Work task: Type the listing below out again exactly. No images.
[[ Stored data open ]]
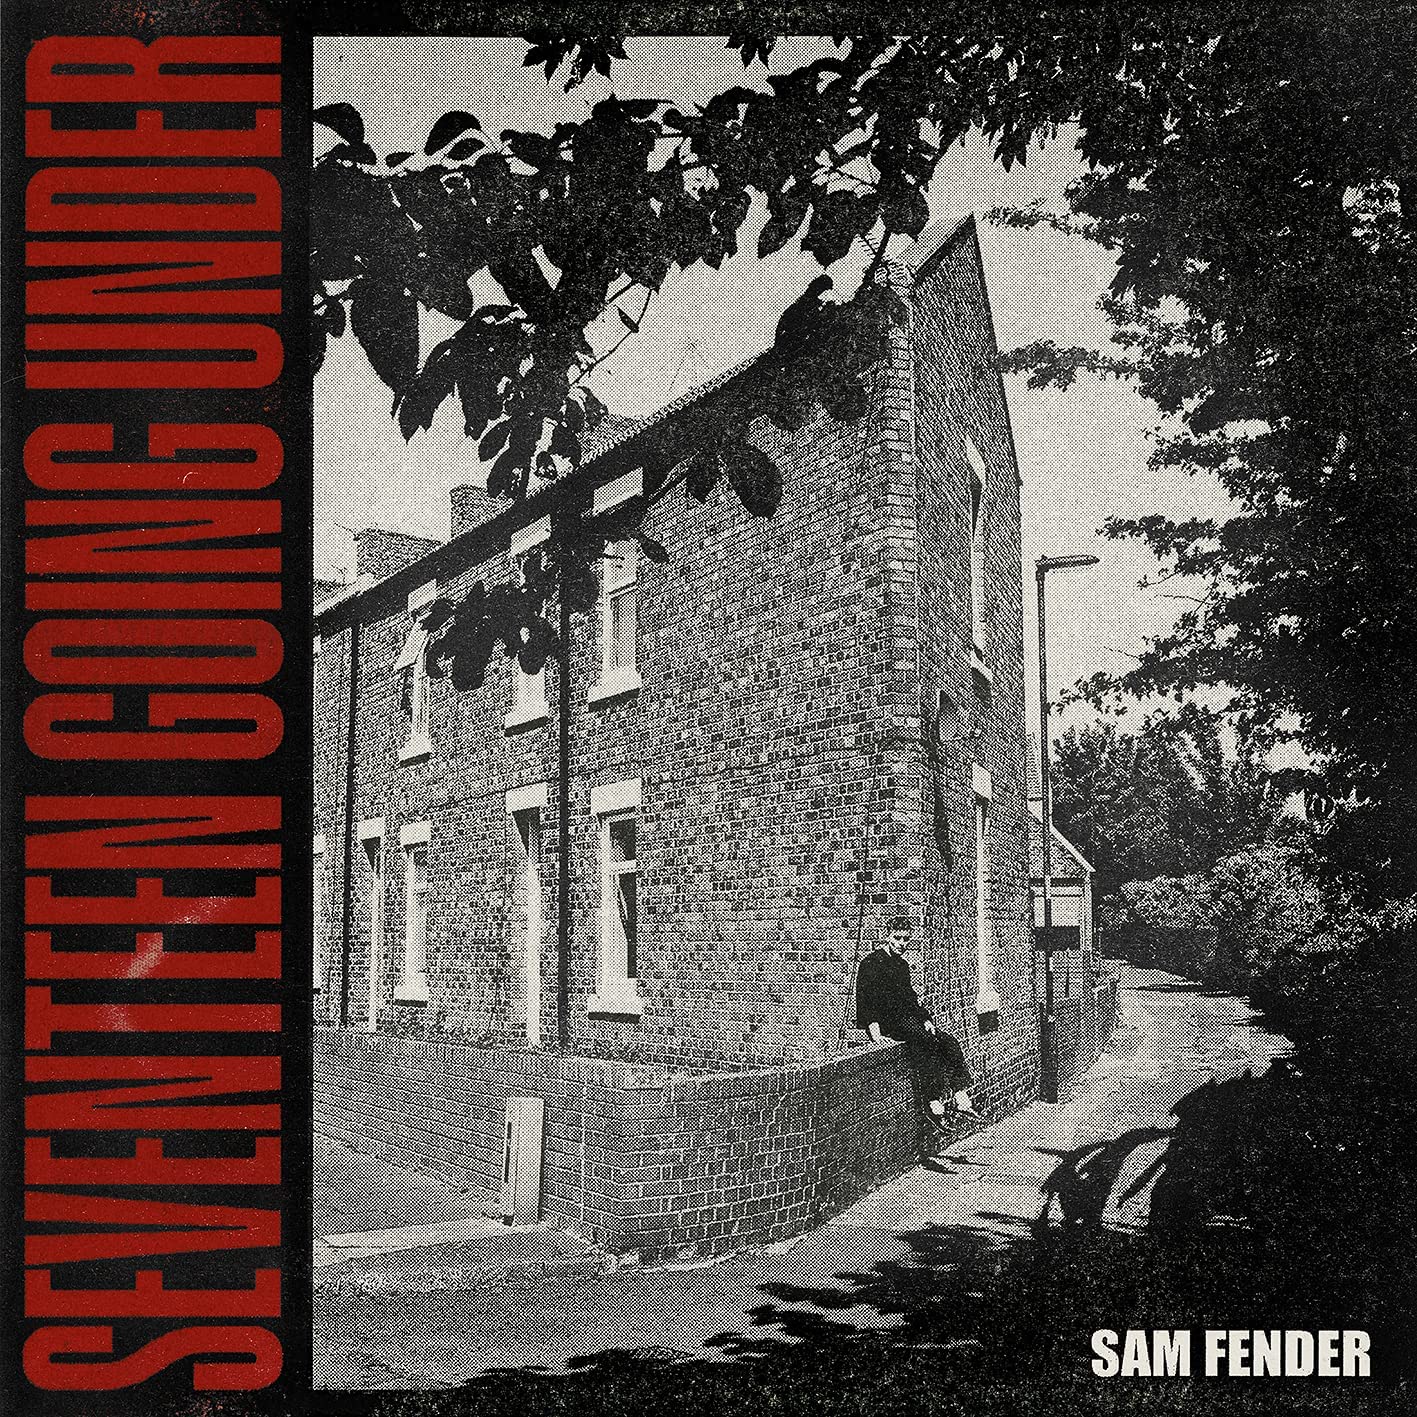 Sam Fender Seventeen Going Under
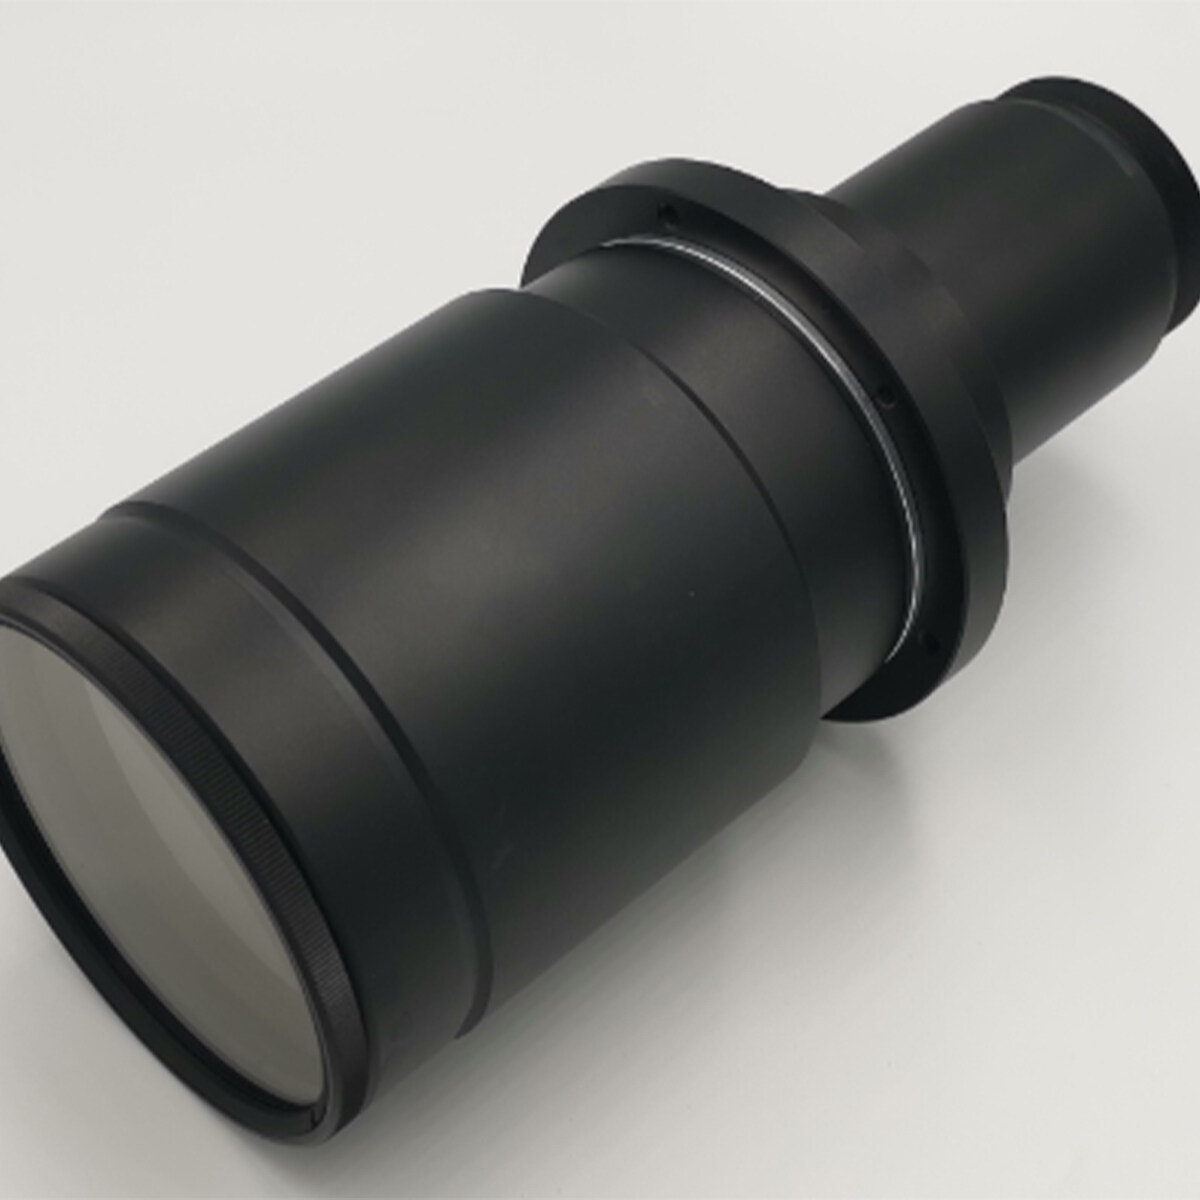 varifocal lens manufacturers, varifocal lens design, variable magnification telecentric lens
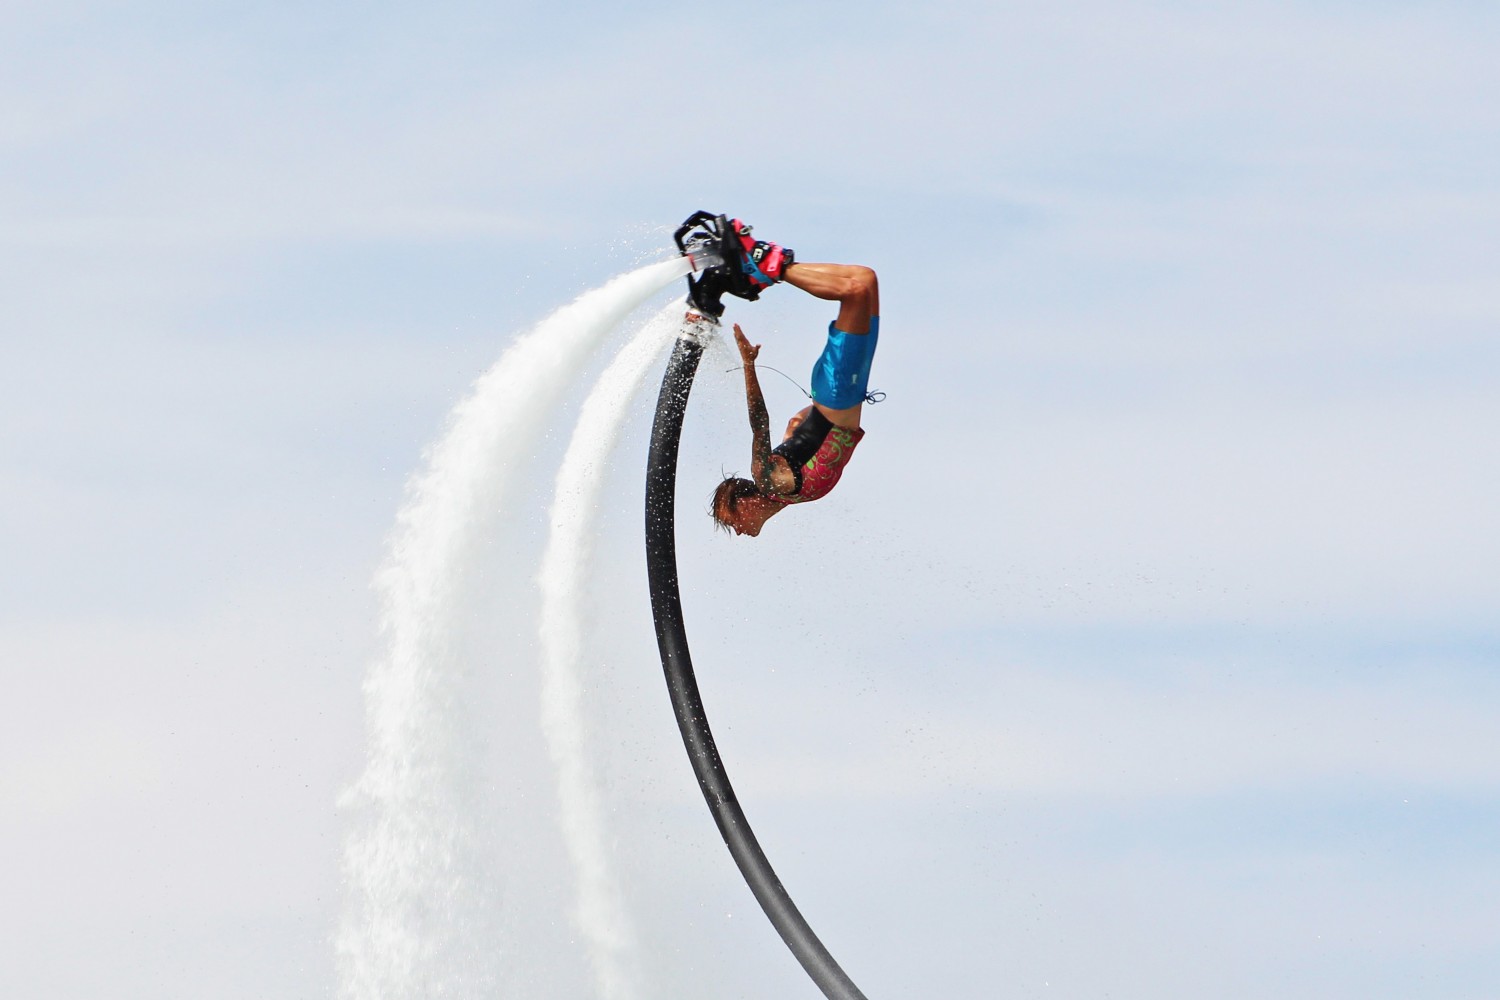 Flyboard Water Hoverboard Rental San Diego Red Bull Air Race
[[ Stored data closed ]]
Exercise output:
 Sam Fender Seventeen Going Under
 varifocal lens manufacturers, varifocal lens design, variable magnification telecentric lens
 Flyboard Water Hoverboard Rental San Diego Red Bull Air Race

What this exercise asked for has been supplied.